In 1948 Françoise Sullivan, who was 23 years old, set out with Jean-Paul Riopelle and Maurice Perron to perform and document a dance in the snow-covered landscape around Mont-St-Hilaire, Quebec. It was a unique artistic event, a dance that duplicated in body movement what Sullivan understood as the principles of gestural movement that were central to psychic automatism. Called Danse dans la niege (Dance in the Snow), it stands today as one of the singularly most important pieces of performance in the history of Canadian art. We know it from the remarkable photographs Perron took (the film footage shot by Riopelle has been lost). The Winter segment was the second of four improvisations the young choreographer had planned to do (she had already performed Summer). Significantly, Sullivan did complete her seasonal cycle in 2007 when her reworked choreography for all four seasons was filmed by Mario Côté and released as Les Saisons Sullivan.
Françoise Sullivan's recollection of *Danse dans la neige* is as clear as the air on the 28th day of February, almost six decades ago, when she performed it. She remembers that "the entire countryside seemed to whisper" and her gestures became evocative of what she understood as a "Northern melancholy. I was just dancing with my feeling of the landscape. I let the rhythms flow. I perceived the space of day--cut it and shaped it." Her description of space is as much painterly and sculptural as it is kinetic, a slippage that should surprise no one. Sullivan's lengthy and accomplished life in art has been an intersecting web of movement from one art form to another. She has distinguished herself as a dancer, choreographer, sculptor, performance and conceptual artist and, above all, as a painter. In her practice she has searched for and affirmed the authenticity of art making in whatever art form she was engaged, and in whatever set of circumstances she found herself. After her marriage to the painter Paterson Ewen, and the birth of four sons, she found it impossible to commit to the daily regime demanded by dance, or to a satisfying studio practice. But within two years she began to make assembled steel sculpture. Sullivan has demonstrated a passionate and indefatigable will to make art throughout her career.

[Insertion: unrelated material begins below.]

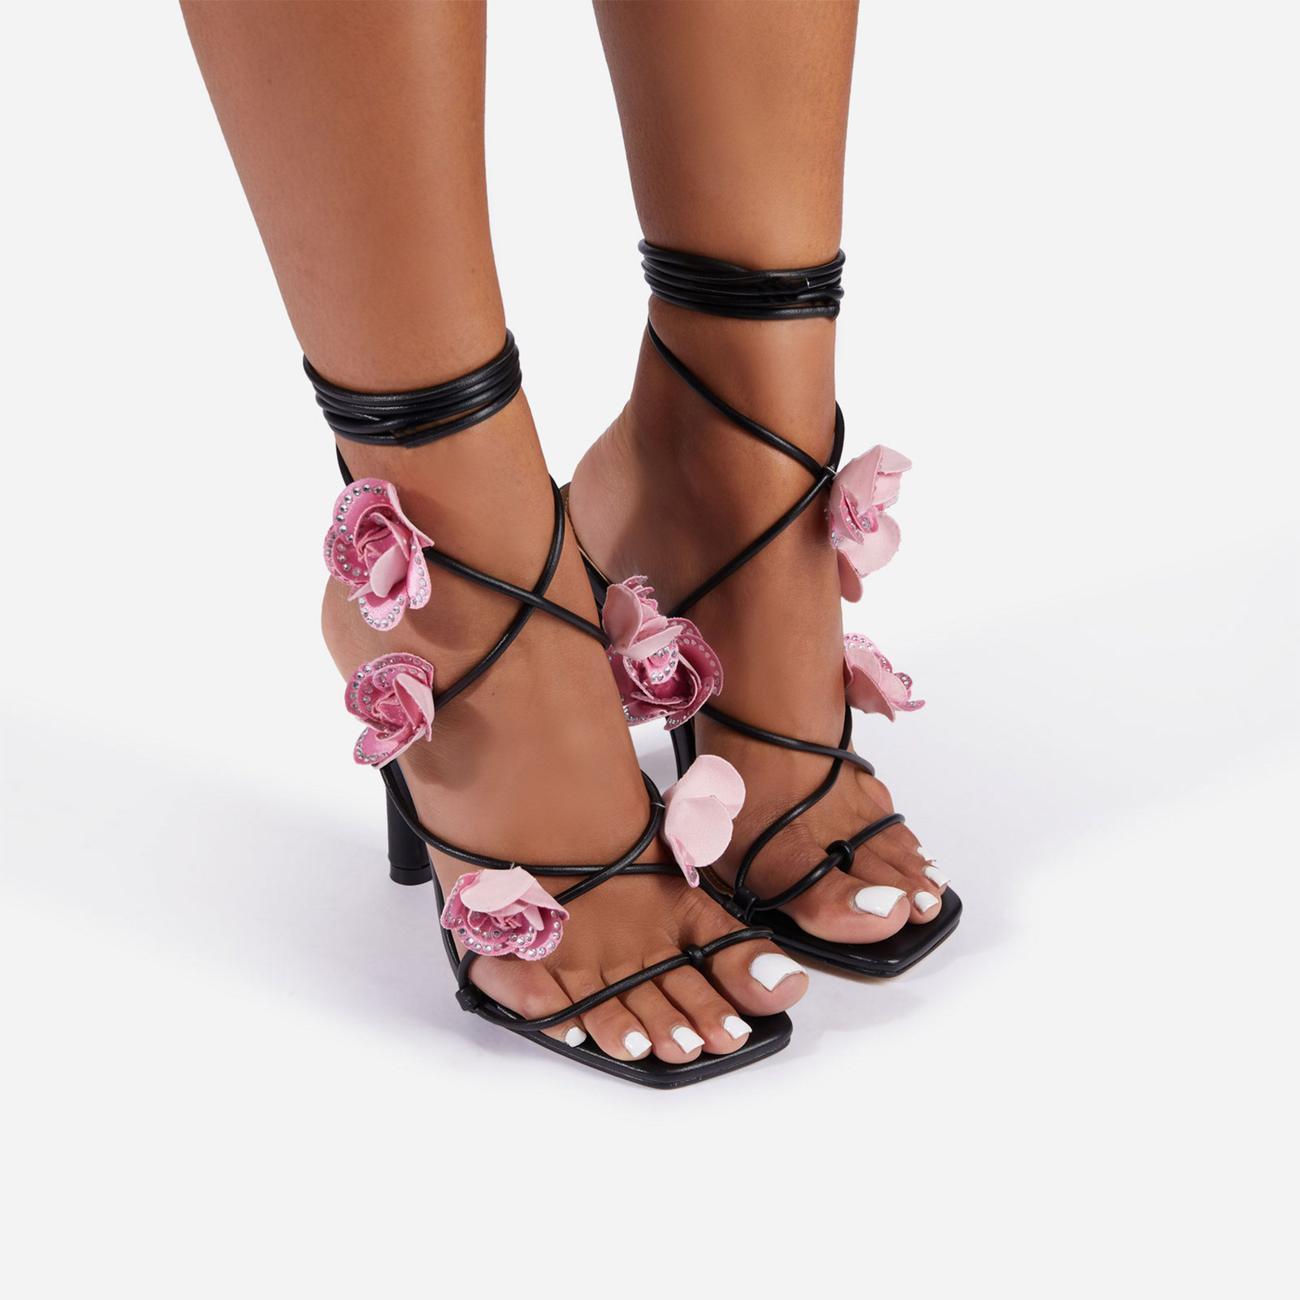 Rose Whip Embellished Floral Detail Lace Up Heel in Black Faux Leather Image 4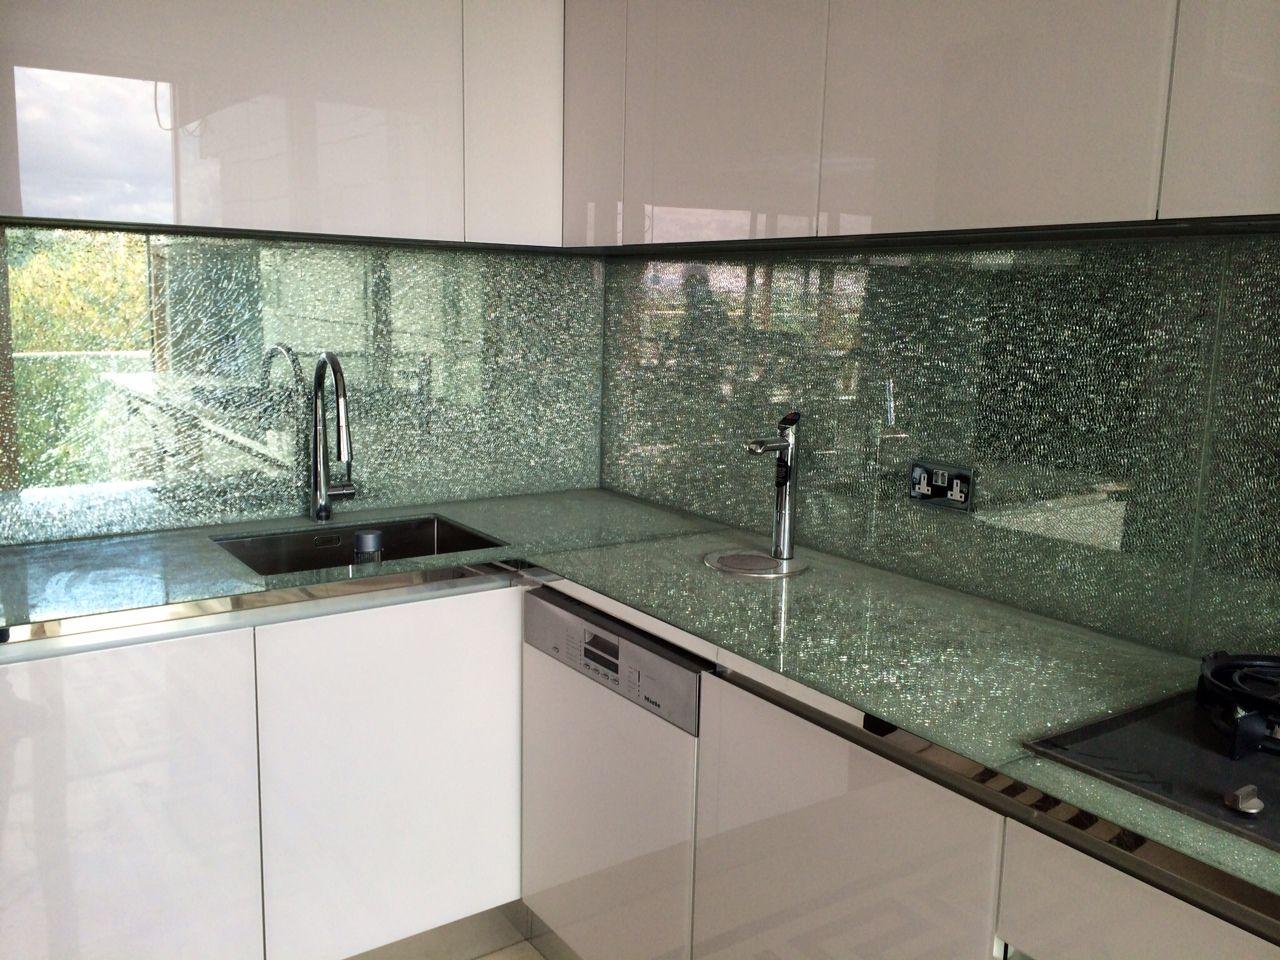 Crackled Glass Splash Backs That Express Toughening Made For A

*BORDER CROSSINGS: Was yours the sort of household where you would have been encouraged to be interested in the arts?
FRANÇOISE SULLIVAN: My brothers were interested in sports, and I was much younger than they were. My father loved poetry and what he loved best was giving a speech in which he would recite some poetry. He was good at it. Sometimes he wrote his own poetry, and he wrote a poem for me when I was a little girl and it was very like Victor Hugo. He had charisma and I adored him. My neighbour, whose little girl I played with from my earliest time, was a violin teacher who made his own violins as well and is still known as a special teacher. I think he might have come from Winnipeg. His name was Camille Couture. I heard a lot about art and great musicians when I went to their house. So I grew up with people talking about art; it wasn’t foreign to me.
BC: But you seemed very precocious. Didn’t you start dance lessons very early on?
**FS: **That was my mother’s idea. I was eight years old and it wasn’t so common in those days. I took ballet lessons and there were always performances at the end of the year in which I participated. I also took theatre lessons from Camille Bernard, who had the Théâtre de petit. I used to teach my friends to dance on the street. I was making little plays. It was a game. I guess I felt art inside me and I felt it right away. I decided I would be a painter when I was nine.
BC: Even though dance was your love, you actually made the determination inside your own head to be a painter?
**FS: **Yes. But then later I left painting for a while to go to New York. I felt I had nothing more to learn here in the direction of dance. I went in 1944 and spent two years there.